THIS intriguingly entitled pamphlet by Richard Pithouse is part of the Thinking Freedom series produced by New Frame, a South African-based social justice media project committed to “accurate, careful and credible news.”

As a literary form, the pamphlet has a long and important history, serving the purpose of informing the public directly of current issues and often attacking Establishment ideologies in ways delivered today through social media and Pithouse charts the historical inter-relationship of Christianity, colonialism, capitalism and racism through the ongoing establishment of European hegemony over the world.

He uses the stepping stones of key moments deriving from the very same month in 1492 when Columbus set off on the great New World treasure hunt — with Papal carte blanche — the Jews were driven out of Spain and the emergence of a European ideological project was established.

As it developed, so racism as we know it came into being.
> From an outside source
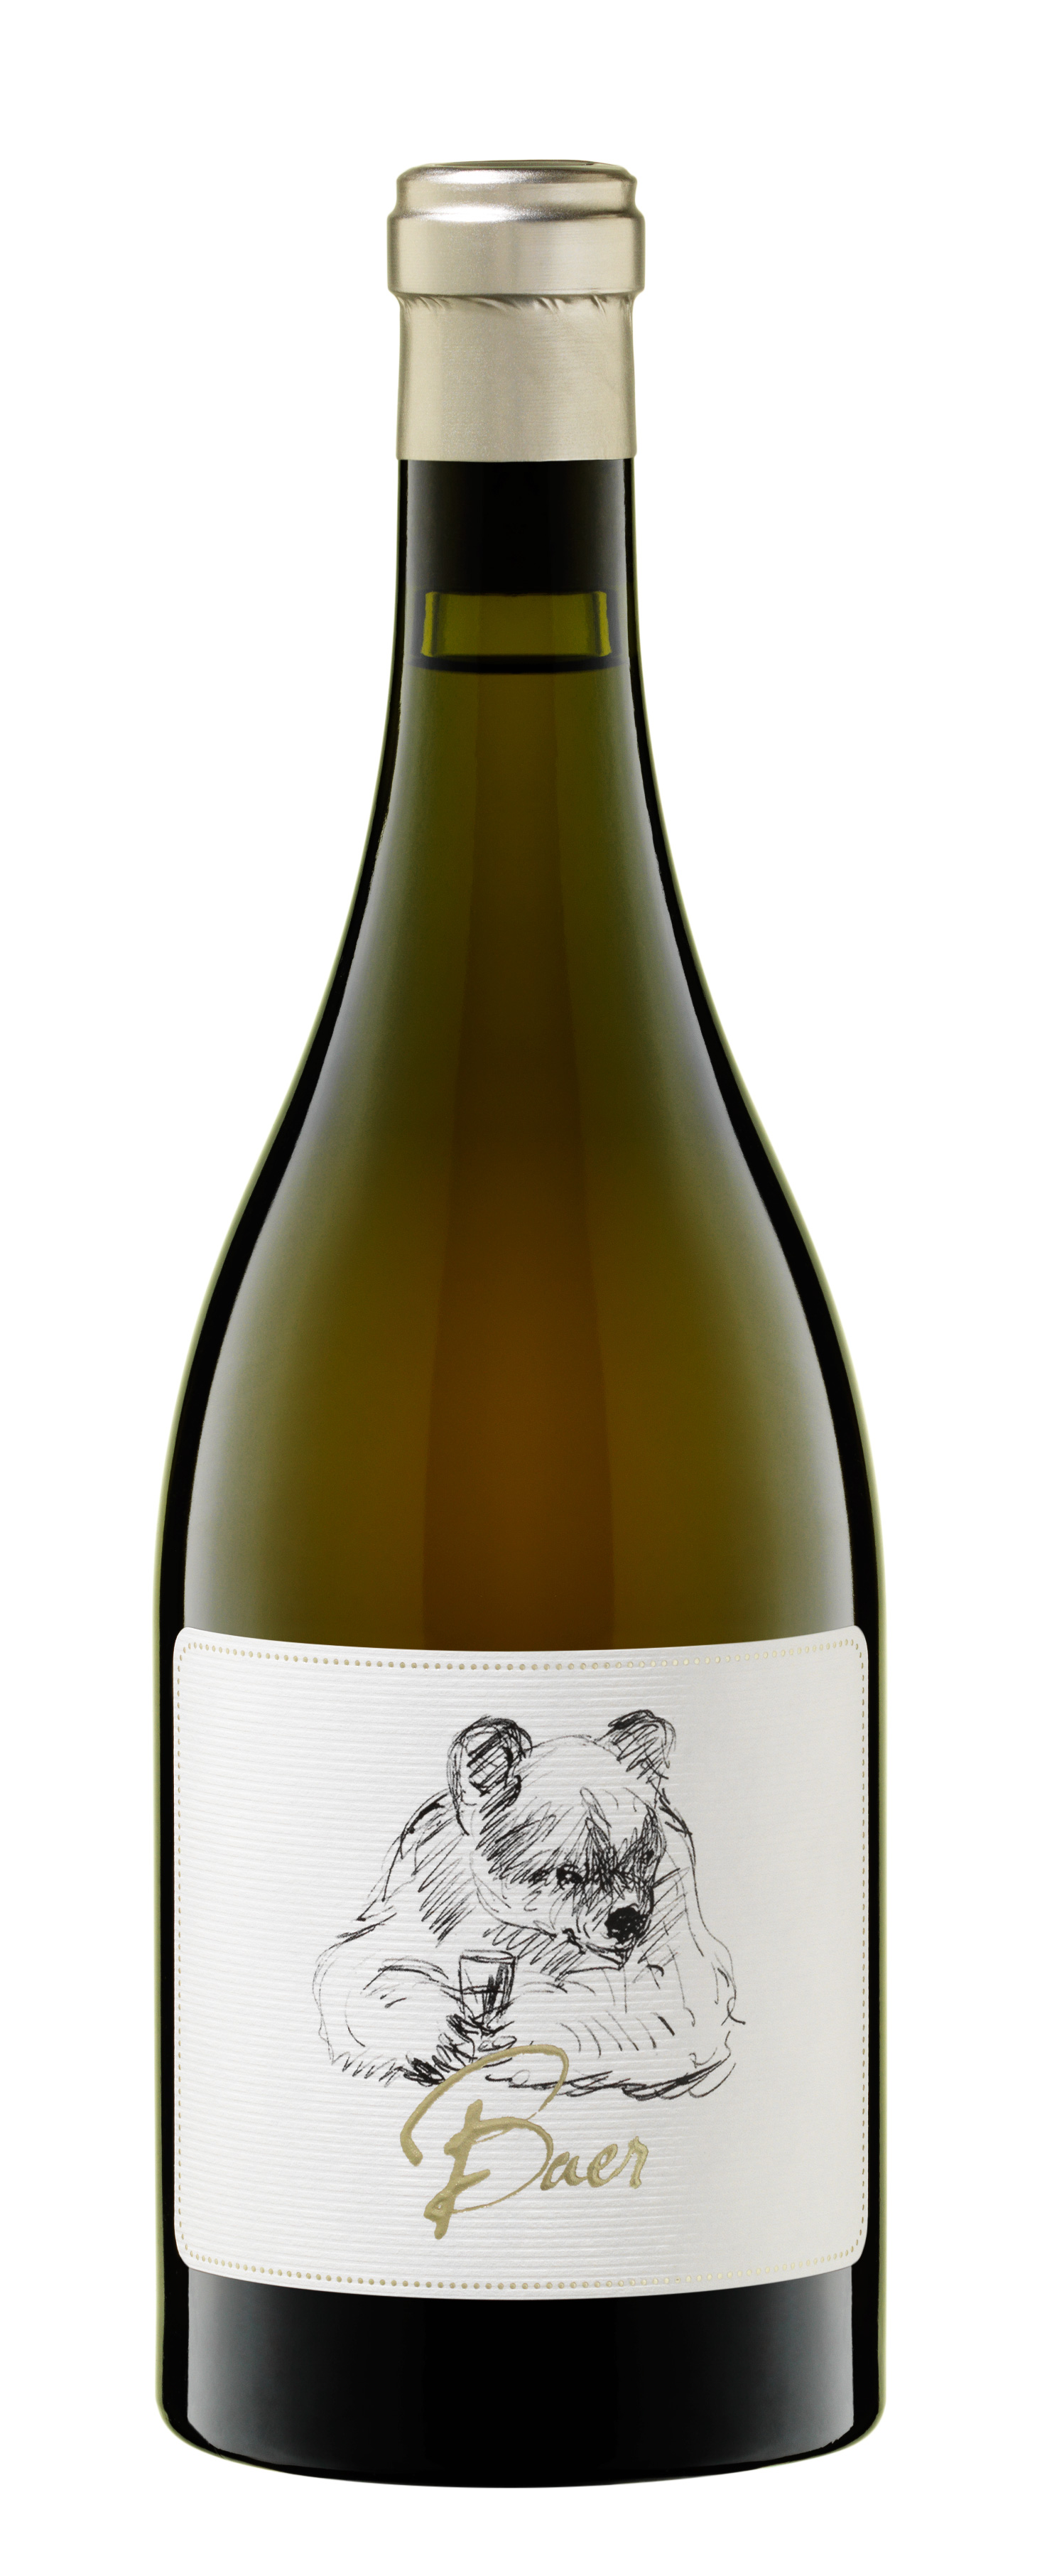 2018 Sauvignon Blanc Baer trocken 0,75 L - Weingut Oliver Zeter

The first use of the term, derived from the Italian “razza” denoting breeds of dog, occurred in the 15th century.

Significantly, it was contemporaneous with the early stages of colonialism and its history of blood, cruelty and greed.  

Slavery, of course, existed, in ancient times but its peculiar association with the skin colour of human beings belongs to the profit-driven exploitation of 12 million Africans shipped to the Americas, sanctioned by the exploiters’ religious code.
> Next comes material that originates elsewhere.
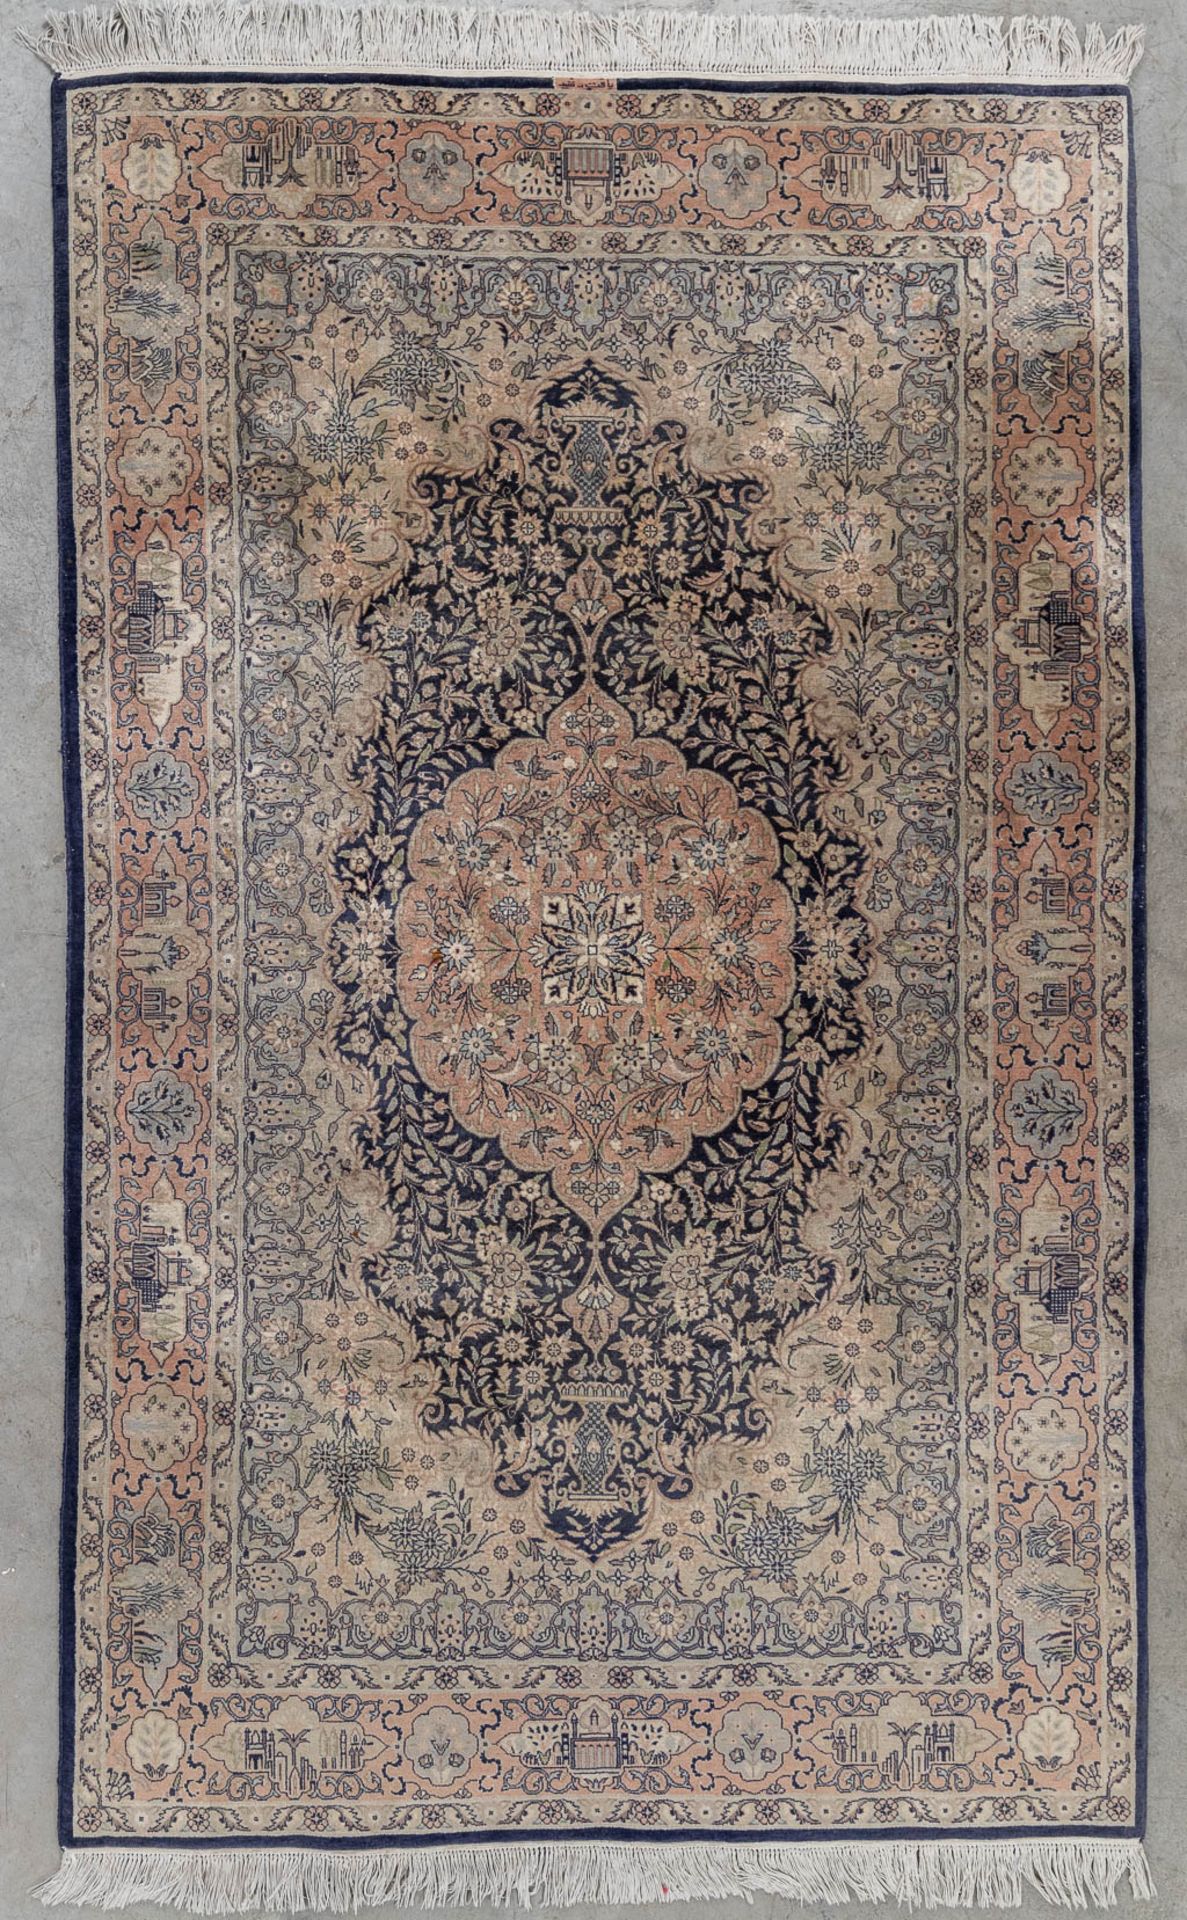 A hand-made Oriental carpet, Mogul, Pakistan. Wool. (D:221 x W:139 cm)

Pithouse does not allow the 18th-century radical enlightenment and liberal thinkers off the hook.

He exposes “the underside of modernity,” so that even when revolution came to America and France most people “were expelled from the count of the human … and the rights of man.”
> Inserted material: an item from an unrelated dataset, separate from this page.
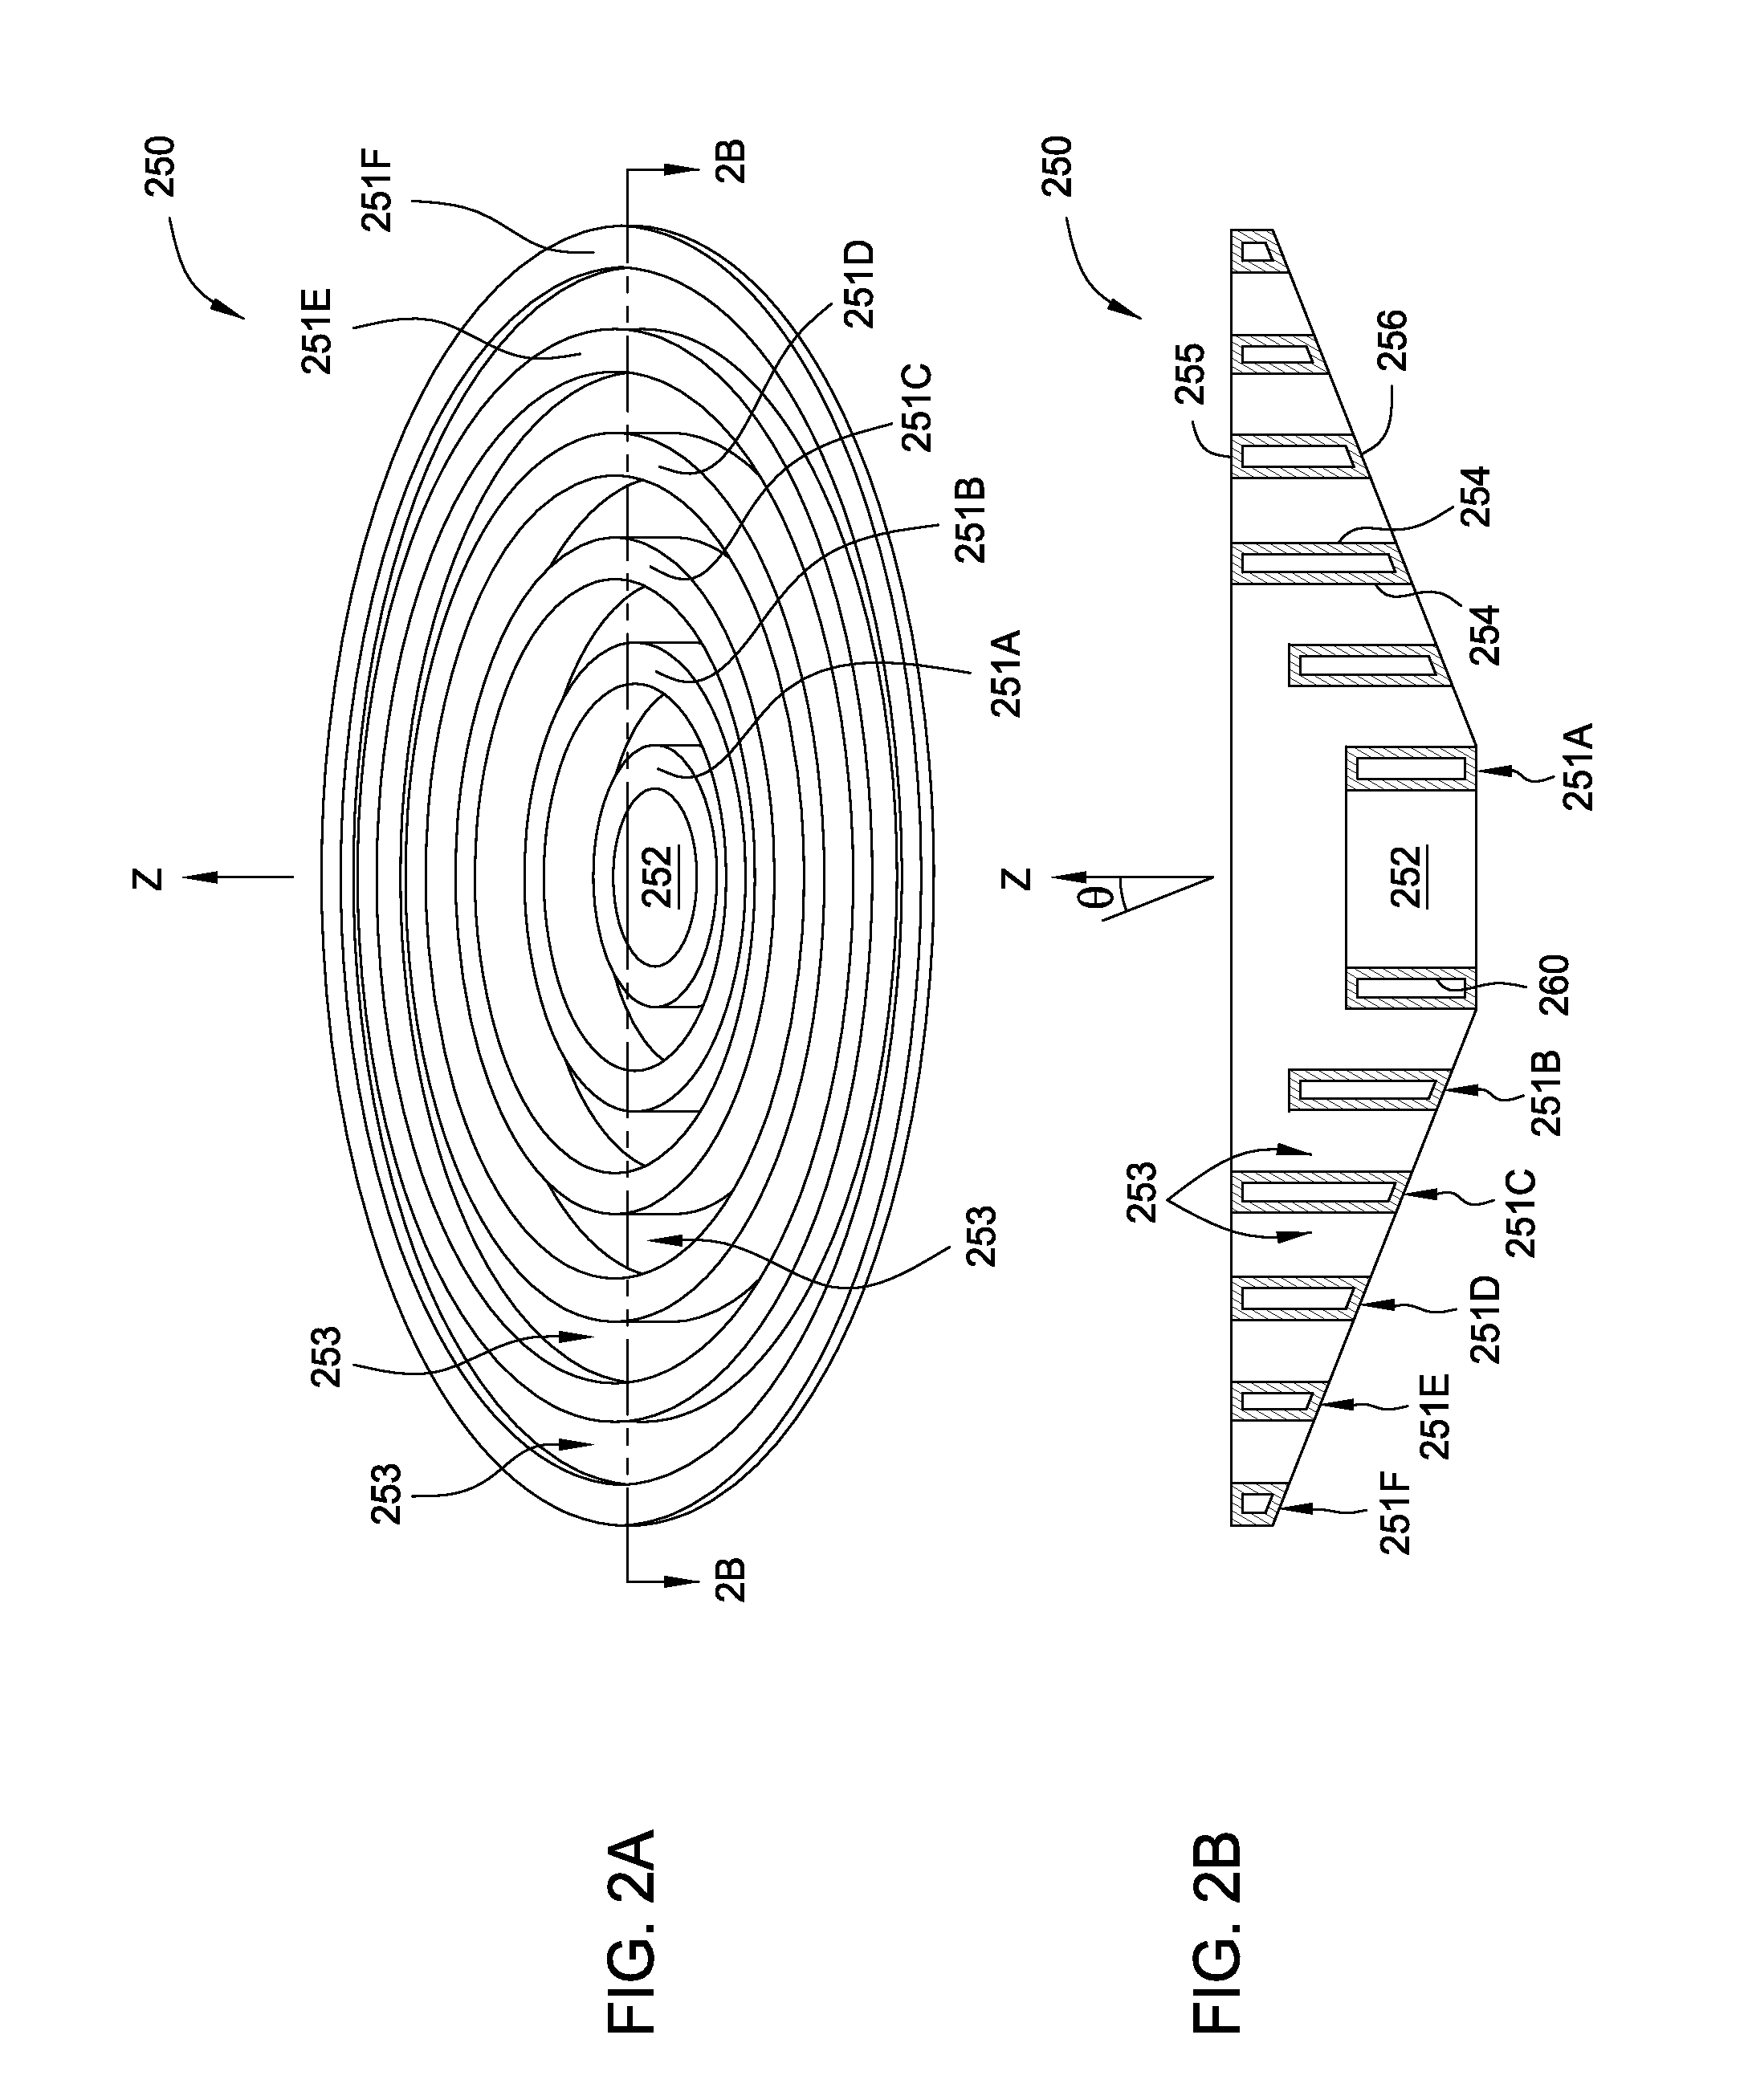 Optics for controlling light transmitted through a conical quartz dome

The final section, A Counter Humanism, seeks to find a potential answer to the dominant social structure.

But Pithouse recognises that we are living through a revanchist period which, despite the narrow political defeat of the “grotesque” Donald Trump, has other powers determined to “secure the racial order that emerged from the events of 1492.”

It is a truism that unless we understand our history we can not understand our present and will certainly not be able to change our future and Pithouse succinctly provides a useful pathway through a problematic landscape.

Published by Daraja Press, £8.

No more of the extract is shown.